After my post this morning of the Trafigura information on future copper prices, I asked the company what the new copper prices would mean for the model. Here is what they responded:
“This is a good question, seeing as they sold over 10% of world copper consumption last year. Please note these are illustrative numbers rather than forecasts.
Trafigura aims for US$15,000/t copper: Head of copper trading at Trafigura is looking for copper to hit a US$15,000/t peak in the current cycle driven by the green energy transition. While Trafigura expects copper to surpass the US$10,000/t mark this year mainly driven by continued Covid logistical supply disruptions, it also expects copper to trade in the US$12,000-15,000/t range in the coming decade driven by increased demand. Already Trafigura has noted a Q1 2021 increase in European copper demand of 5%, even before Europe comes out of Covid lockdowns. Trafigura sold 4.4mt of copper in 2020.

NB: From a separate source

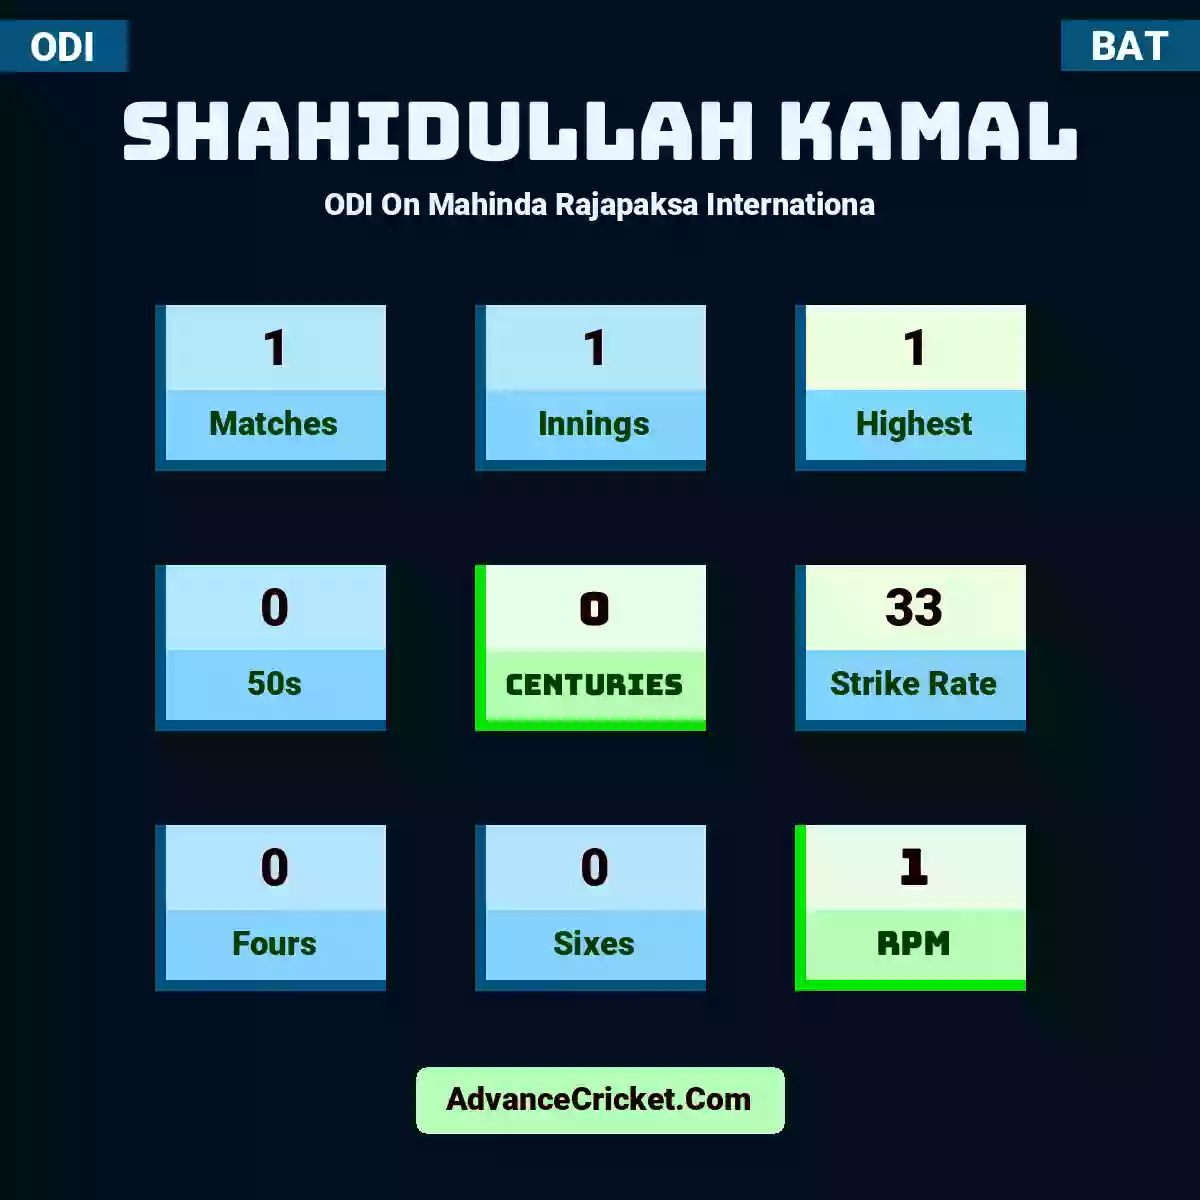 Shahidullah Kamal ODI  On Mahinda Rajapaksa Internationa, Shahidullah Kamal played 1 matches, scored 1 runs as highest, 0 half-centuries, and 0 centuries, with a strike rate of 33. S.Kamal hit 0 fours and 0 sixes, with an RPM of 1.

Keying in these numbers to the PEA model gives the following post-tax NPV (7.5%) and IRR for the Empire open pit project:
At $10,000 a tonne/$4.53 a lb: $170m & 91%
At $12,000 a tonne/$5.44 a lb: $250m & 134%
At $15,000 a tonne/$6.80 a lb: $370m & 200%"
"Trafigura expects the metal to breach $10,000 a tonne this year, before entering a range of $12,000 to $15,000 a tonne over the coming decade. " See https://www.mining.com/web/trafigura-sees-green-copper-supercycle-driving-prices-to-15000/
I don't need to say more than that...
Remember that it is the market makers who set the price, not the company, or even the market. And my guess is that we are seeing the work of market makers here. Their money comes from trades, and they earn nothing on the open offer. Their only revenue comes from the trading of shares, and if everyone is buying through the open offer, then of course it is in their interest to see the price drop. But as a self fulfilling prophesy, if we were to buy through the market, the price should shoot up, for there would not be enough available shares.